What is Armand up to? Can he disrupt California statehood? Will Elena and Alejandro get back together? Is this the end of Zorro?

The Legend of Zorro is about what you expect and want if you are a fan or just looking for a good, light-hearted time at the cineplex. Director Martin Campbell fills the movie with plenty of action-filled sword fights, battles between good and evil, a cute kid to make you smile, and silly moments to make you laugh. However, you might also find yourself laughing at some of the historical inaccuracies.

One member of Armand's grand scheme (and you know Armand has a scheme because he is the bad guy who has stolen Zorro's woman) is supposed to be a CONFEDERATE General, which is hard to do when the Confederacy did not come into creation until 1861! In another scene, we are treated to a man who looks REMARKABLY like Abraham Lincoln!
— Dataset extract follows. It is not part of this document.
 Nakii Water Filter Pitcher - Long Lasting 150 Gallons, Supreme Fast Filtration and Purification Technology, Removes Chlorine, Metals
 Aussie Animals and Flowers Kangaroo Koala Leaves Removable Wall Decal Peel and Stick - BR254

This is impossible since Lincoln spent 1850 mourning the loss of his son and traveling Illinois' 8th Circuit Court as a lawyer (the district covered 400 miles and 14 counties, earning Lincoln the reputation of being a top notch lawyer). He was several years removed from his time in Congress, and a few years before his re-entrance into politics, so Lincoln has no reason to be in California, even if it was a vacation.
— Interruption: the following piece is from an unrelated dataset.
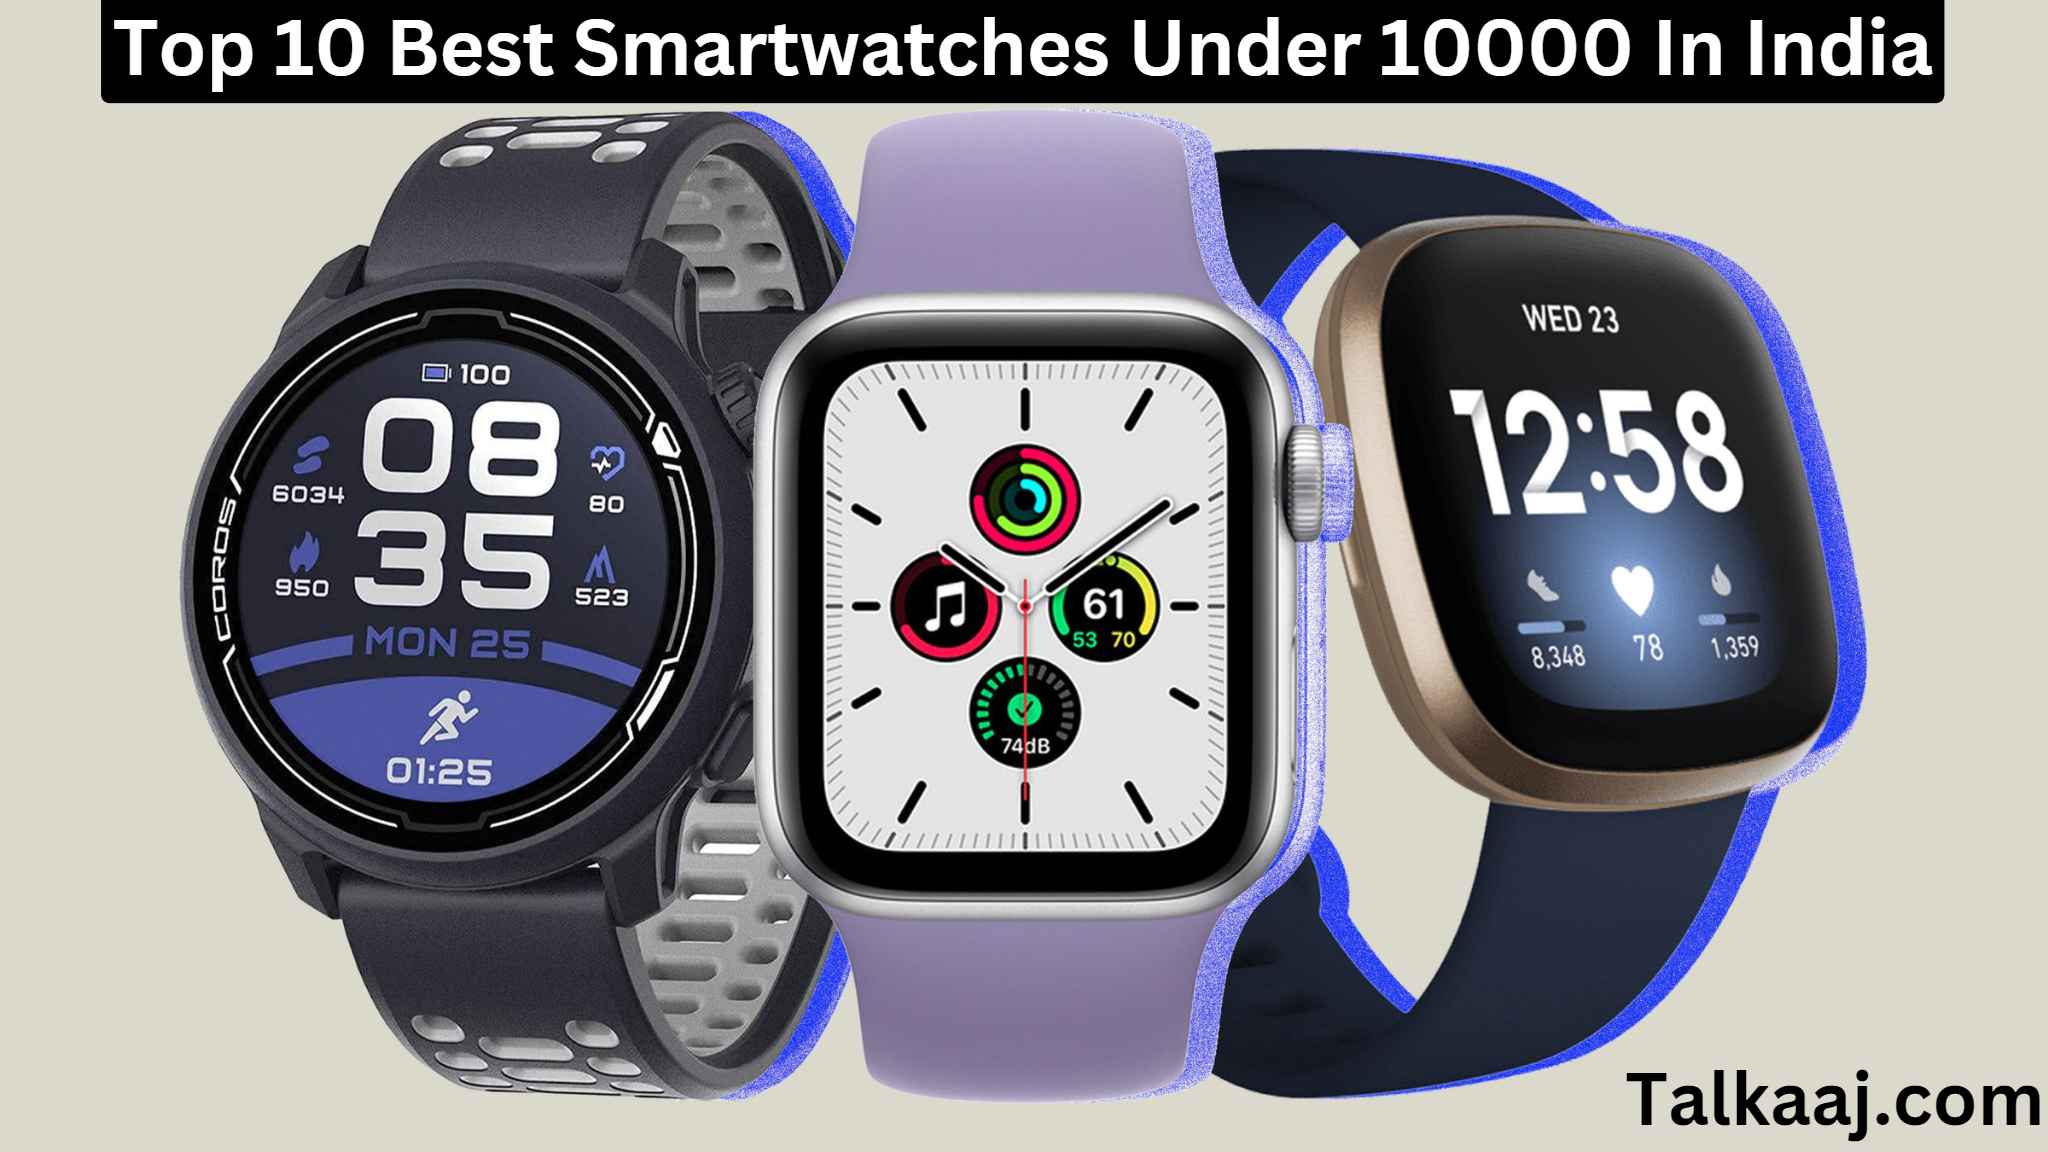 Top 10 Best Smartwatches Under 10000 In India - Buyer’s Guide Review
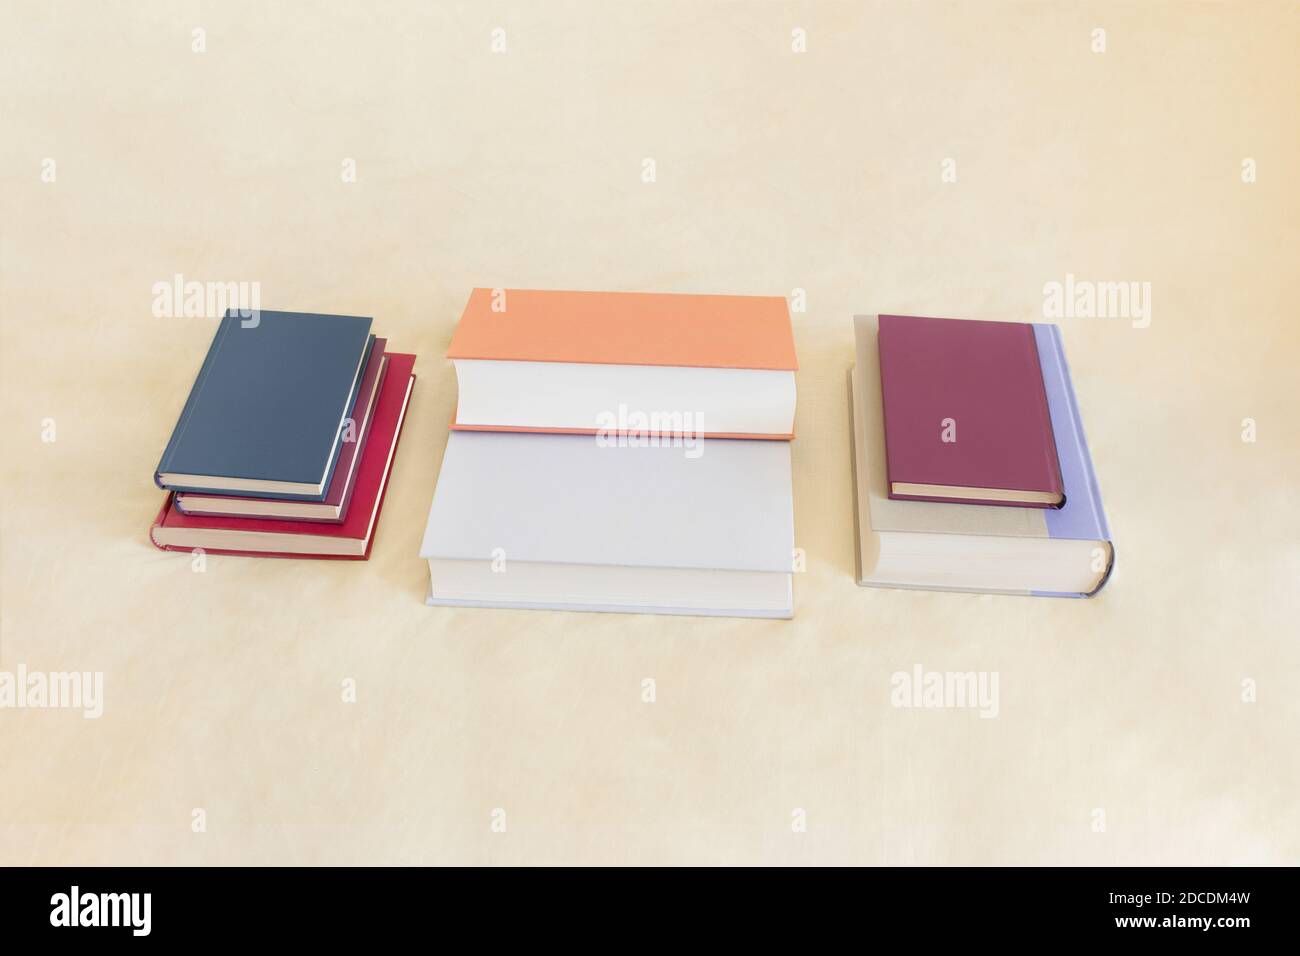 A group of different books of sizes and colors prepared for studying on a textured background. Learning and reading concept. Stock Photo

Campbell and the writers (Alex Kurtzman and Roberto Orci ) get burned twice for these inaccuracies. First, you don't need the Civil War angle to make the grand scheme more interesting or compelling. The plot, while a little silly and reminiscent of other movies, is good enough to keep the film's action moving forward with a purpose. Second, they look like idiots to anyone with a basic understanding of American history. I know Campbell is from New Zealand, so I can cut him some slack (he doesn't have to know this stuff like a High School Sophomore in America should), but someone from the studio should have sent him a history book before the movie started filming (probably someone at the studio who failed American History while a sophomore in high school). You might as well have Arnold Schwarzenegger showing up to play the Governor of California complete with limo and driver. Maybe Zorro can chill out while listening to his iPod (in his case, a zPod). These gross mistakes take away from our enjoyment of an otherwise fun movie.

Again, Banderas proves he is an underrated actor. His smoldering charisma, physical ability to make the action look real and comic chops make Banderas the best part of The Legend of Zorro. He gets the audience riled up and on his side as he battles the bad guys. Jones does what she can with limited screen time, especially as her role becomes more important towards the end, and she is able to shine as the equally tough battling wife of the hero.
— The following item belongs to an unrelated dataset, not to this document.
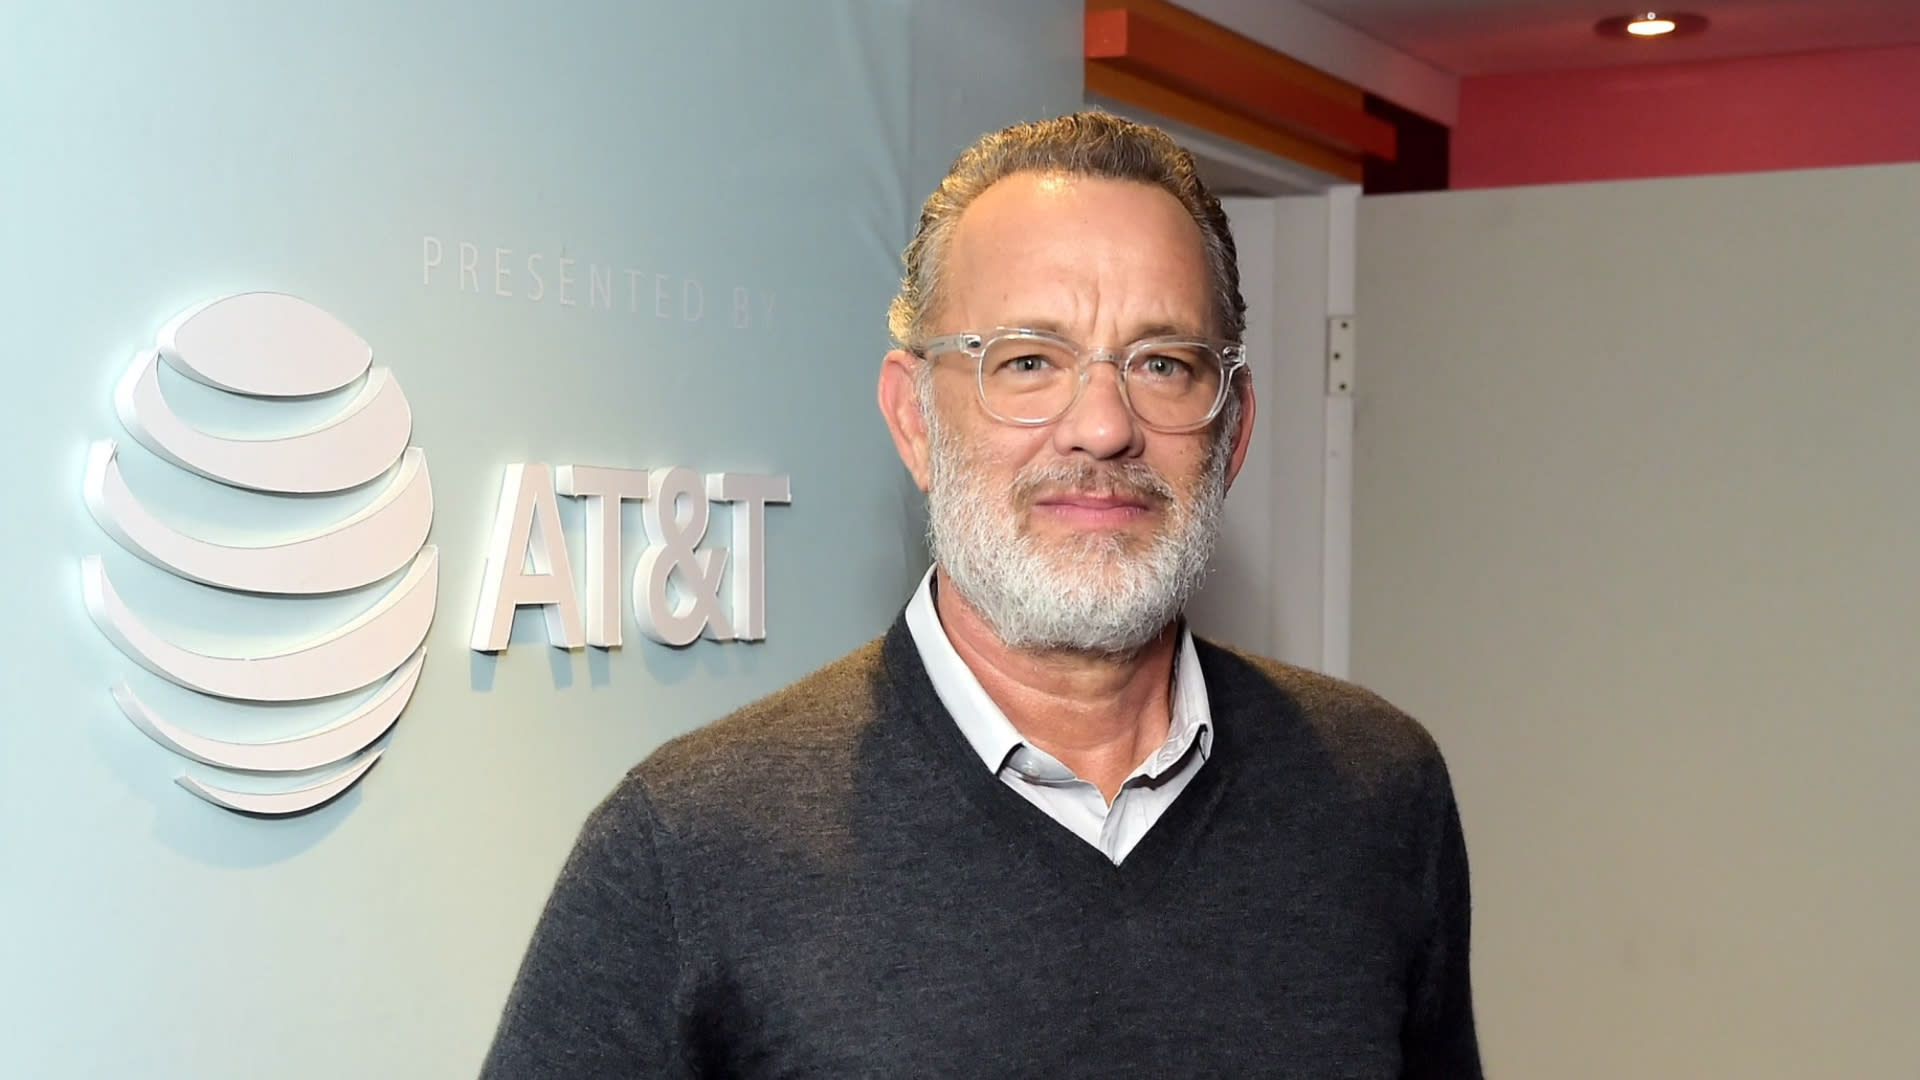 Tom Hanks experienced 'crippling body aches' during Covid ...

Rounding out the cast is little Adrian Alonso as Joaquin -Alejandro and Elena's smart mouthed, Zorro-loving son. While his story is the most predictable (he loves Zorro, not so enamored with Dad, and will face a big shock when he finds out they are the same person, kid must feel like he is in a soap opera), Alonso is a treat whether getting involved in the fighting, rolling off one-liners or getting to meet his hero.

The Legend of Zorro has a great pace, good action, and fun acting. Just make sure you get a history lesson from your teachers and not the Cineplex.